There is one thing that can be guaranteed. A great many people will not be happy with his utterings. At least in a Coalition the government will only have one party opposing whatever he comes up with.
We endorse a statement published today by more than 25 leading chief executives from aviation, tourism and the unions urging the Government to re-think it’s planned Air Passenger Duty (APD) rise. The CEO’s describe the Government’s planned double inflation (8%) increase in APD - that the Chancellor will confirm in Wednesday’s Budget – as “short-sighted and ill-considered and will place the UK at an even greater competitive disadvantage.”

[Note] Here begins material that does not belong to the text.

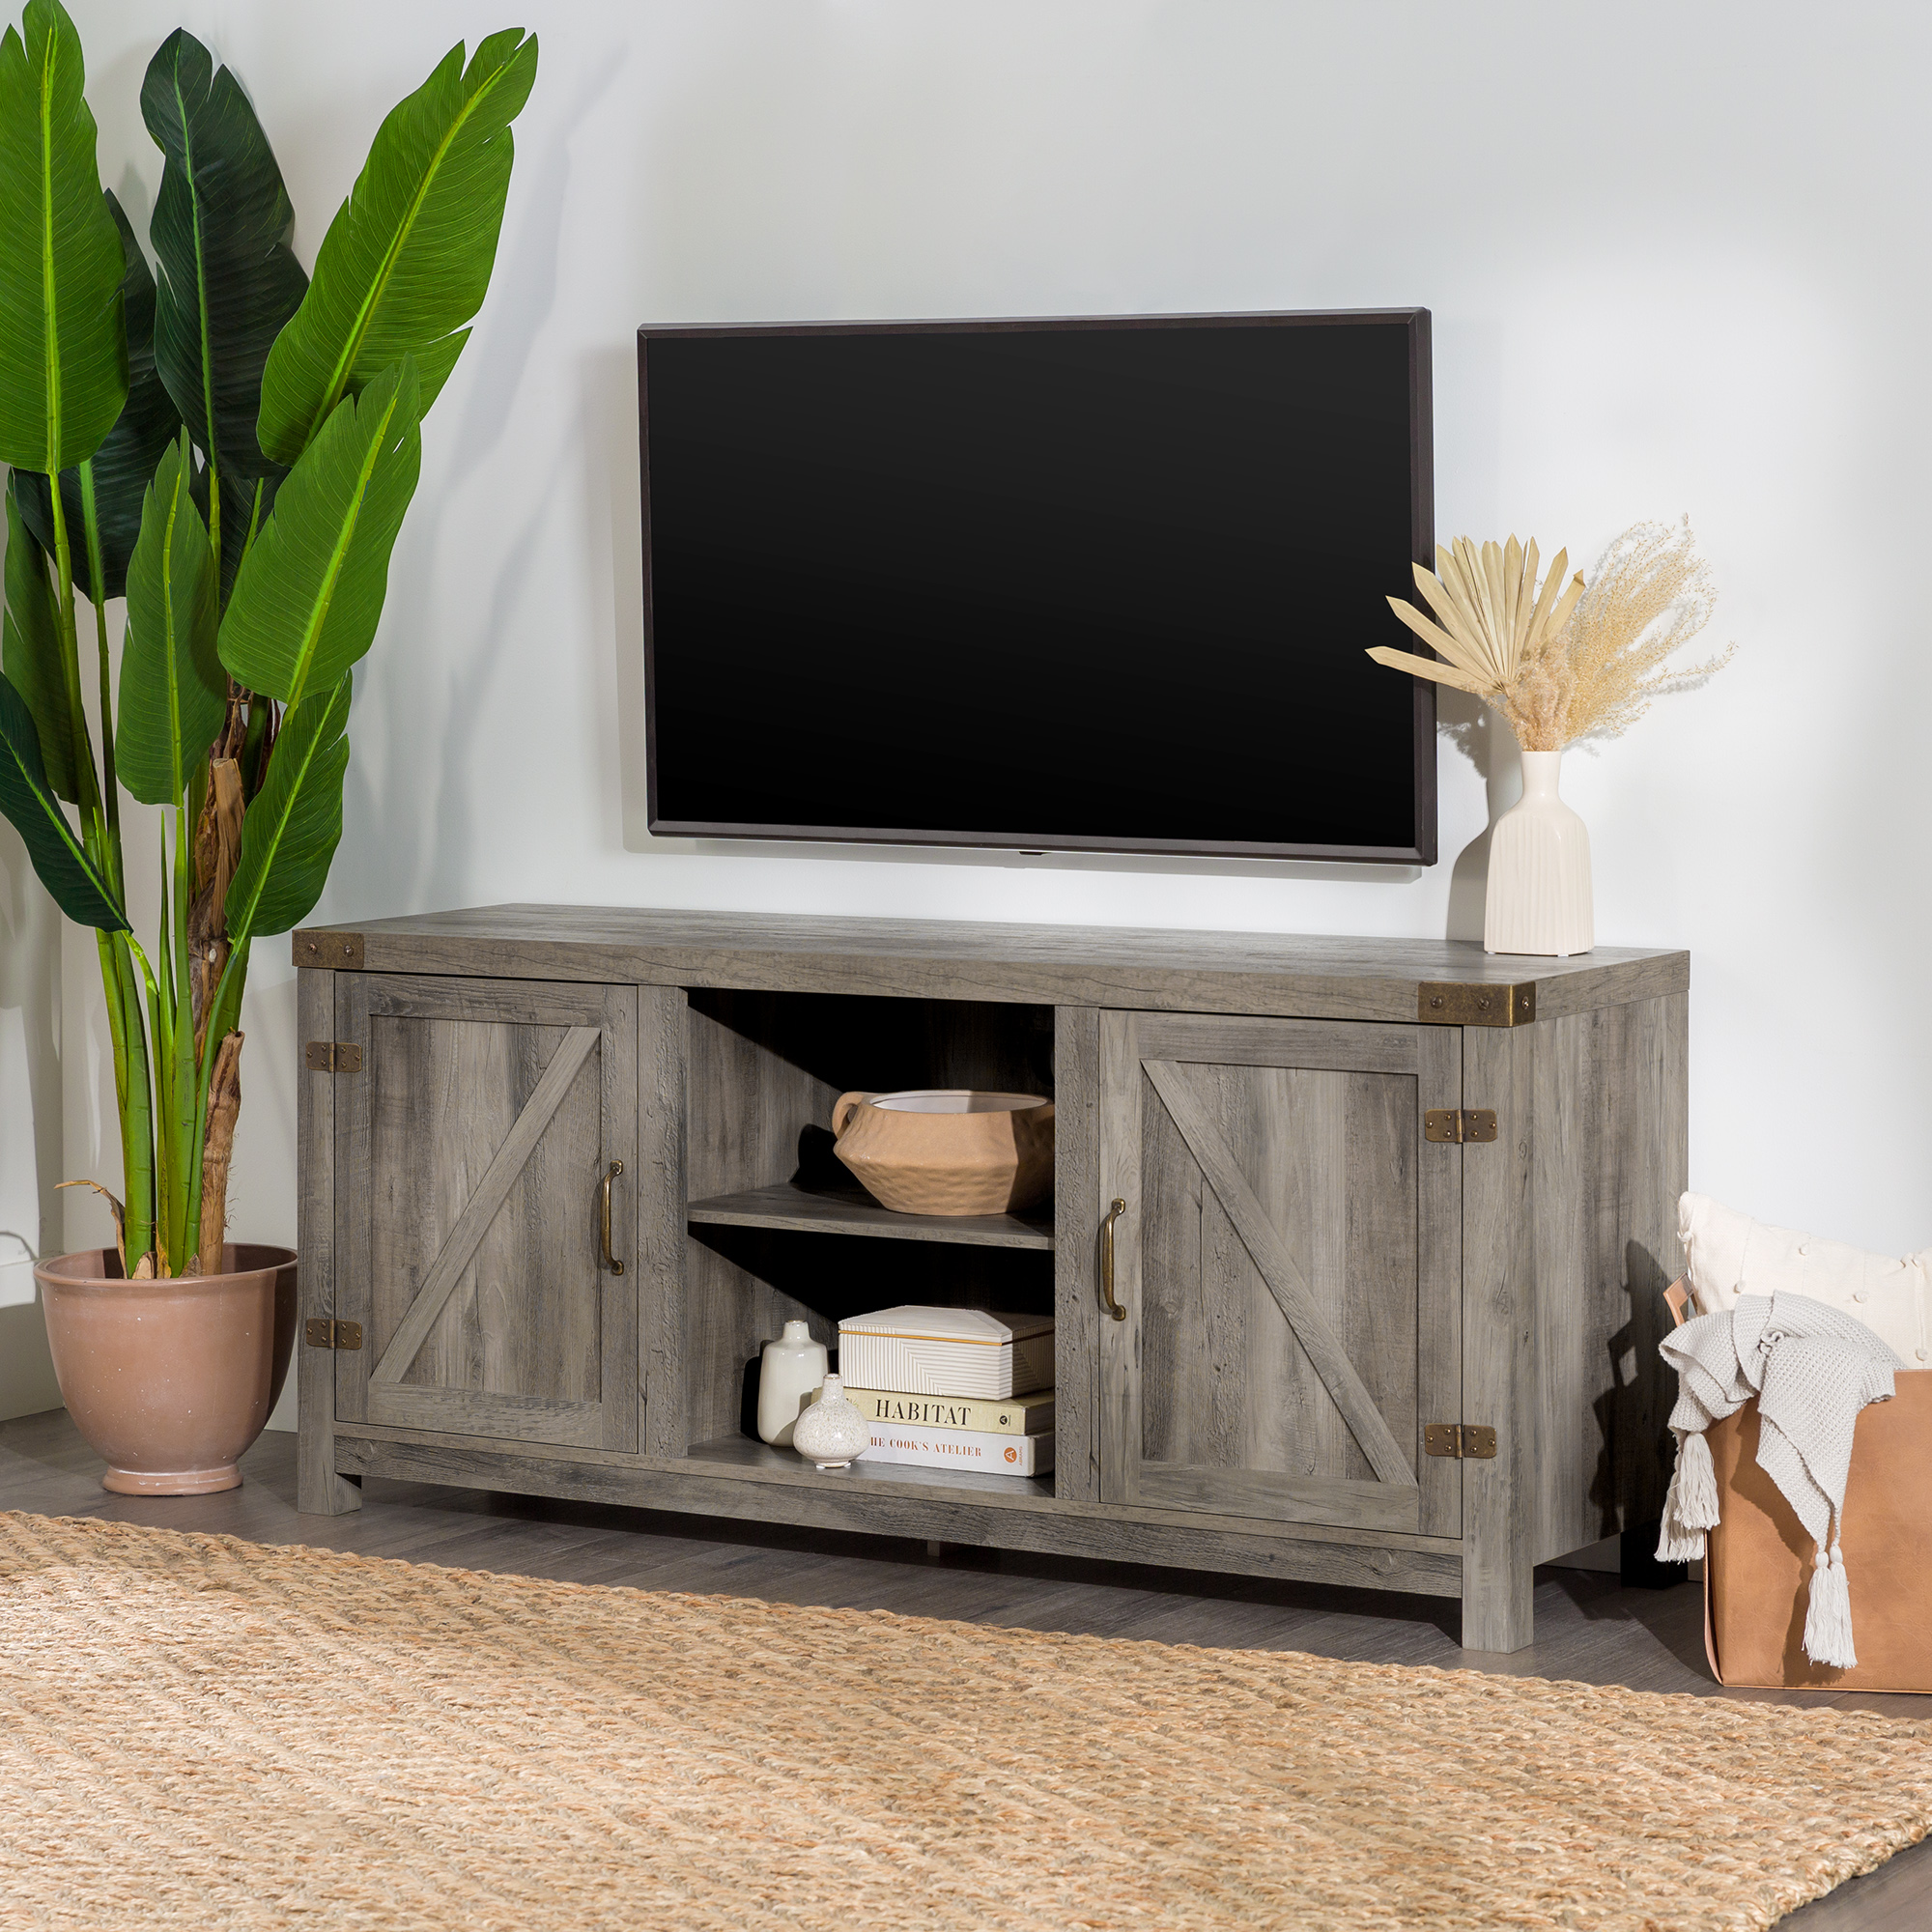 Walker Edison Modern Farmhouse Barn Door TV Stand for TVs up to 65", Grey Wash - image 1 of 22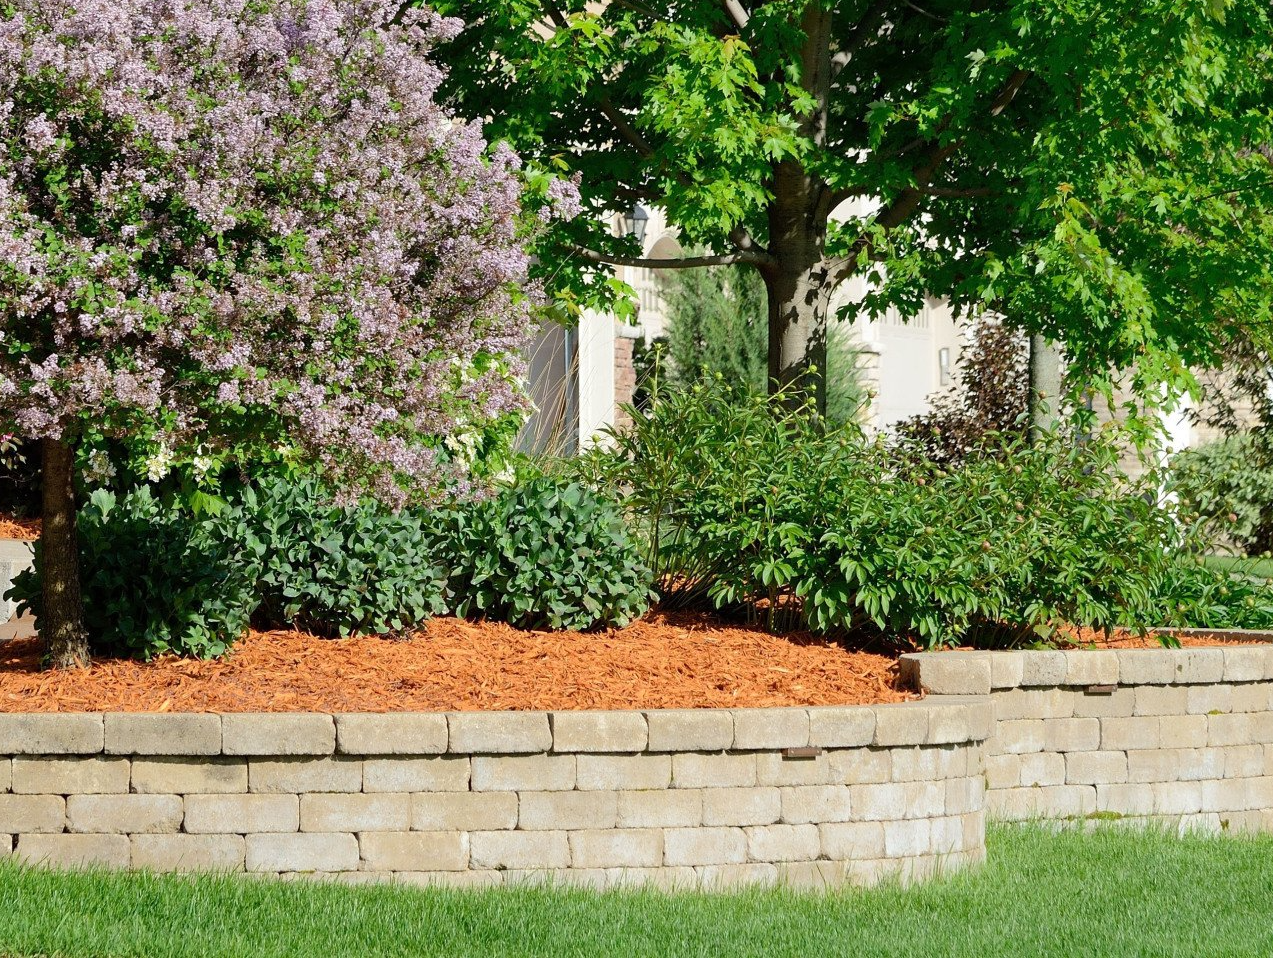 Stone and Retaining Wall Services

AERBT would like to ask a question.
No one from the Treasury has yet explained why Air Passenger Duty (APD) is based on the capital city of each country when tickets now often include the mileage of the route, and OAG, the airline industry’s bible, gives this detail for every airport pair.
Perhaps someone can come back and tell us? Washington is 3,662 miles from London and Honolulu 7,223, both in the same country. Barbados is in the next band but is 4,205 miles away. To fly to the Pacific beaches cost £130 in taxes and those of the West Indies £160 (per person).
Back in 1991 Eva introduced Premium Economy followed by Virgin Atlantic. Initially it was pretty basic but the latest versions, and Air New Zealand is a good example, is a fine product with quality catering and specially designed seats, the pitch just over 40 inches.
And this is the rub.
40 inches is the cut off point. Premium Economy, Business Class and First all pay the same tax.
Why has the Treasury chosen that figure? Is the same person responsible for the capital city APD mileage charge? Or are there two people in the Treasury making crazy decisions.
There is a way out for the Chancellor. It will only bring a small amount of relief to the industry but at least the Coalition will claim to be listening.
Make the cut-off point 45 inches. Airlines that have spent a fortune on Premium Economy will then at least have a product that is possible to sell. The utility carriers (ie what we used to call charter airlines) could re-introduce a product dropped due to a lack of demand. True it will only be a gesture but at least Government can say that it is helping the industry. The goose cannot keep laying the golden egg.